And again, because this is a normalized value, you can use this as a metric to compare any

two sequences -- excuse me, any two alignments to each other. You don't have to worry about

lengths and other vagaries. Okay.

So rule number 1: okay, if you are doing a nucleotide-based search, you've started with

a nucleotide sequence, you searched against GenBank, the rule I want you to apply here

is you're going to look for values of E that are 10 to the minus six or less. If you are

doing a protein-based search -- so this is BLASTN and BLASTX. Remember, BLASTX, even

though you're starting with a nucleotide sequence, the comparison's at the protein level, you're

looking for values of 10 to the minus 3rd, .001 or smaller. Okay? So that's rule number

one, and we're going to come back to the rules in a moment. All right. Questions? Good. All

right.

Okay, so let's go through an example, finally, after all of that background. And again, we're

going to consider a BLASTP example. We're going to pretend we're at the computer. The

screen captures are all in your handout, so everything I show you, you have, and I would

really recommend that you go through these exercises when you get back to your labs or

to your offices. It's one thing to watch me explain this to you, it's another thing for

your hands to get onto the keyboards and actually do them yourselves. That's the only way you're

going to learn how to do this stuff. Okay.

So here's the NCBI website at ncbi.nlm.nih.gov. Let me orient you to the page a little bit.

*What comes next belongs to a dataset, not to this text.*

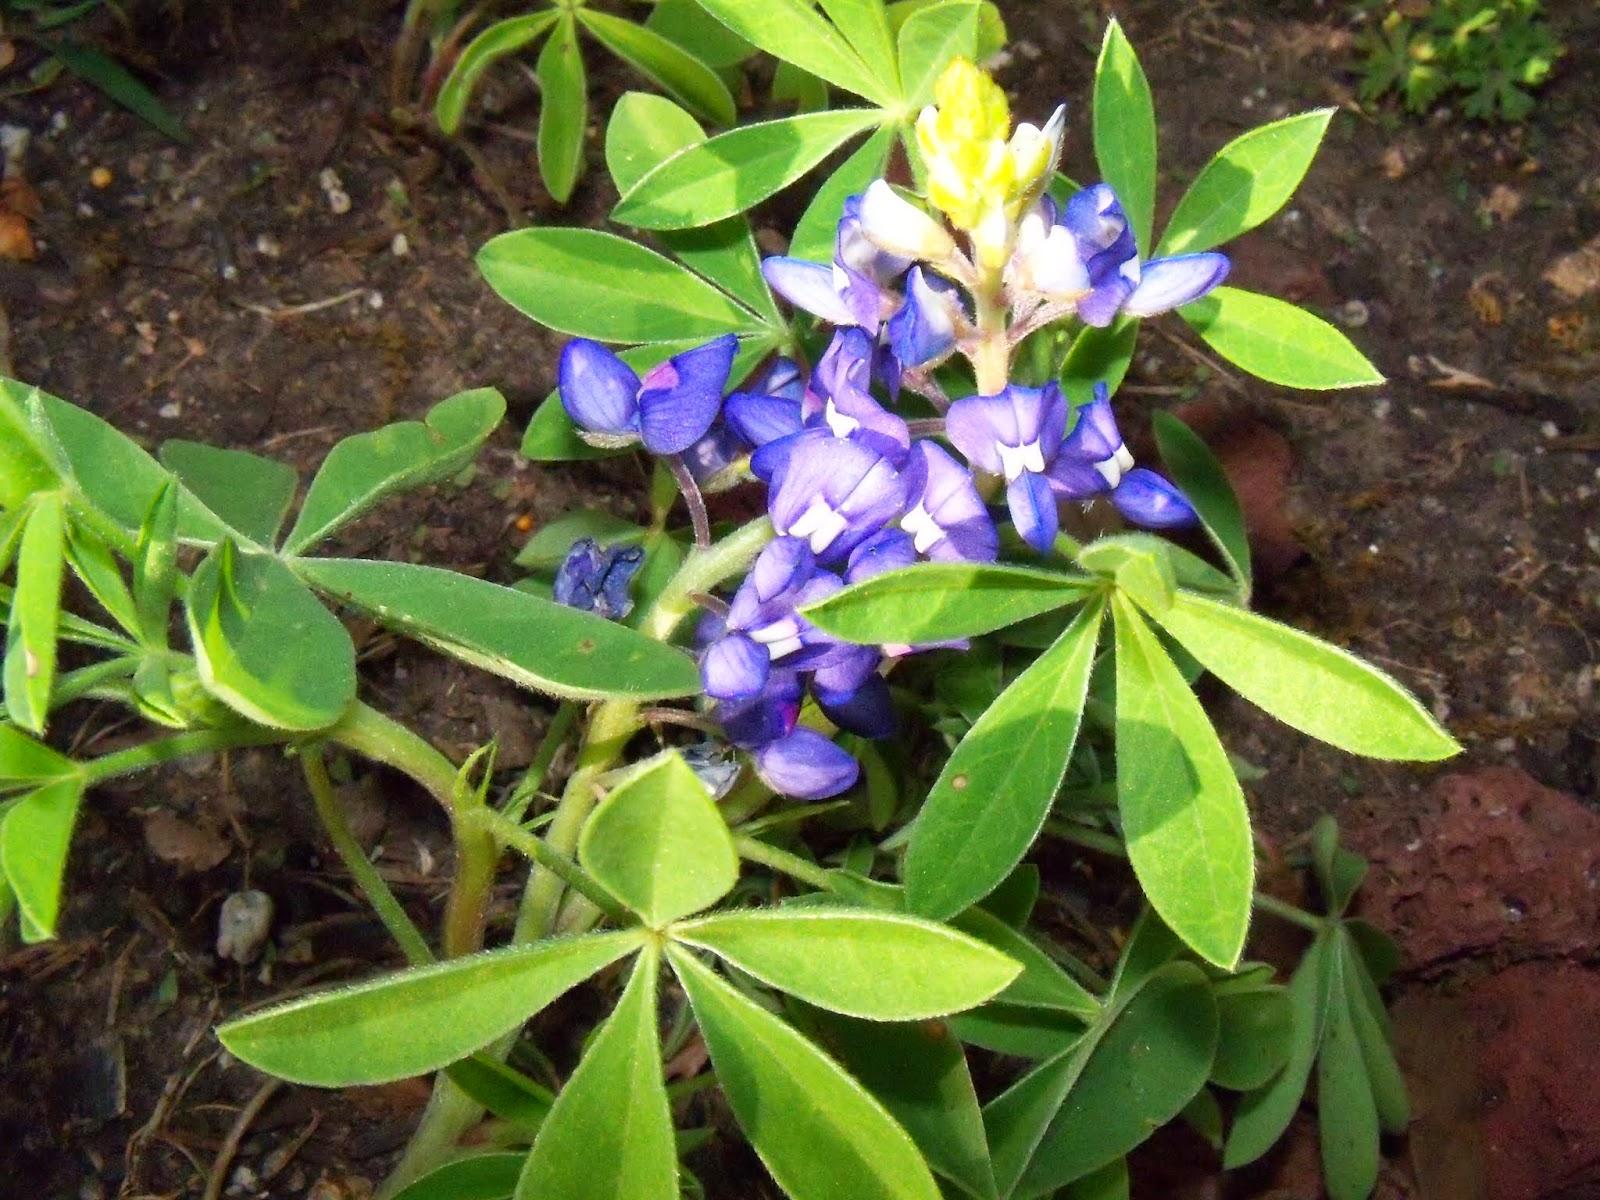 Gardening 2015 - 116_7678.JPG

There are some common features, some popular resources that are shown in the right sidebar

here. And the very first one on the list is BLAST, so we're just going to pretend that

we've clicked on that. That will take us to the BLAST page, or you could just go directly

to this URL. There are three sections on this page. The first one allows you to search assembled

genomes directly. So if you know that you only want to search against a particular organism,

you can pick one of these off the list and there's actually a link that will take you

to all of the ones that are available to you. At the bottom, there's some specialized BLAST

stuff, we'll come back to that a little later. But what we're going to concentrate on now

is this middle block, basic BLAST, and it says nucleotide BLAST, protein BLAST, and

so on. So we're going to do a BLASTP search, we're going to click on that protein BLAST

link. Before we can actually do the search, we need a sequence. Okay? So again, for you

to reinforce these concepts when you get back to your offices or to your labs, there is

a website at this URL that has all of the sequences that I'm using as the examples for

these lectures. So please go to this website, copy them, go through step by step exactly

what we're doing here. All right.

So this is now the BLAST query page. So at the very top we have a sequence box, so from

that processing page, I just took the first sequence, pasted it into the box. If I just

leave that the way it is, it will search the entire length of that sequence, from position

1 to however long it is, but let's say I only want to use part of the sequence. I can tell

BLAST, all right, only use a subrange: start at position 10 and only go to position 50.

If you have a reason for picking a particular domain, you can do that rather than trimming

the sequence manually. Okay. In the next block down we have some choices to make regarding

what we want to search. We know now what our query is; what's going to be the subject,

the target of our search? By default, it says "non-redundant protein sequences" or "nr,"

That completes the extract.